** DATASET follows **
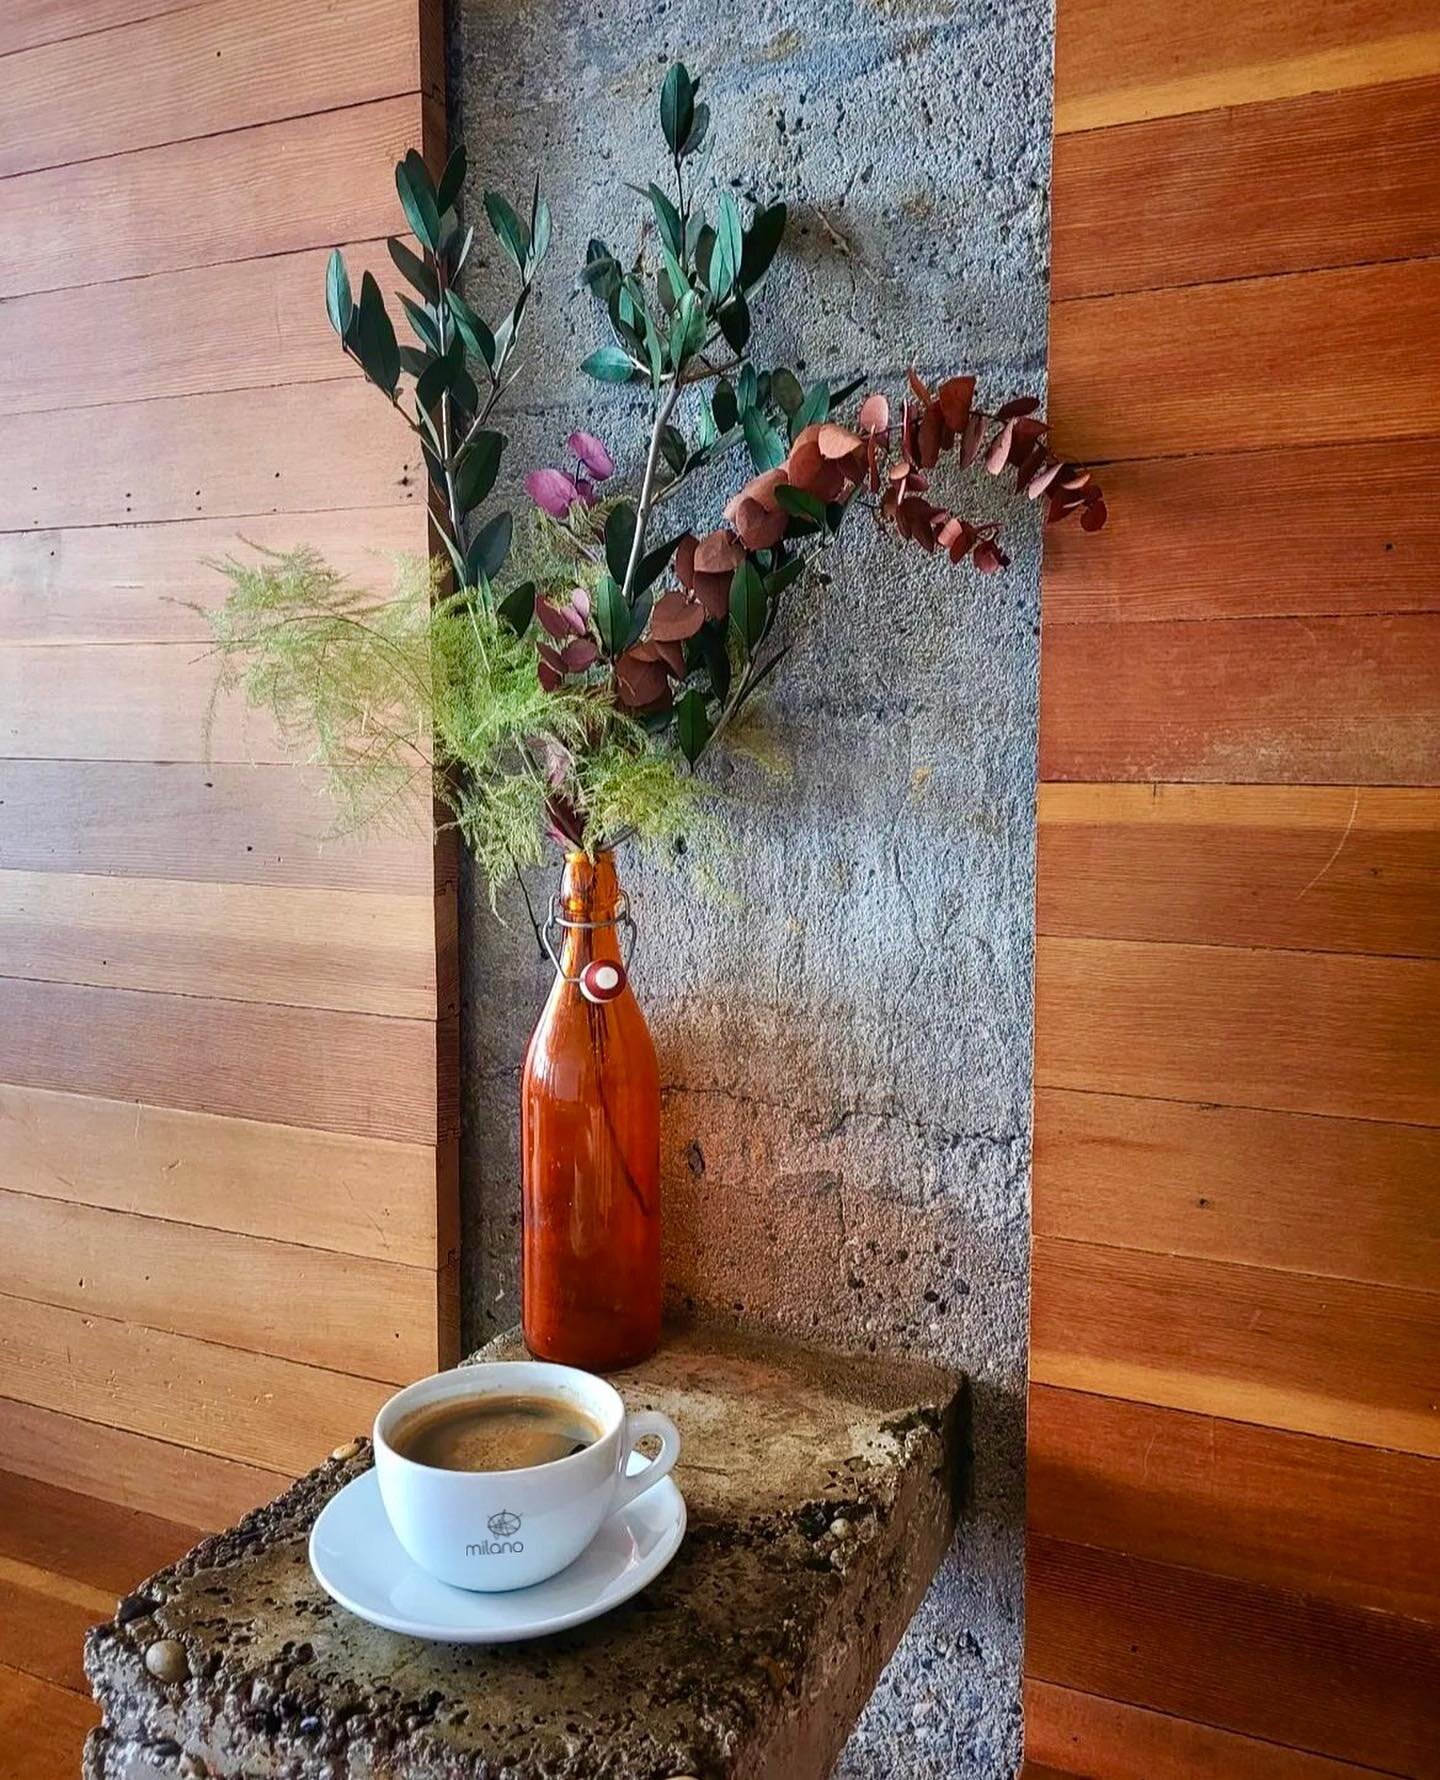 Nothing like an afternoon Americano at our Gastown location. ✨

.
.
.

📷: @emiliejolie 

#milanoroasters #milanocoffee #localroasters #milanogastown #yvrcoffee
** End of DATASET **
WHAT YOU ARE ASKED TO DO: For each record above, write out its text exactly and skip any picture.

RESULT OF THE TASK:
 Nothing like an afternoon Americano at our Gastown location. ✨

.
.
.

📷: @emiliejolie 

#milanoroasters #milanocoffee #localroasters #milanogastown #yvrcoffee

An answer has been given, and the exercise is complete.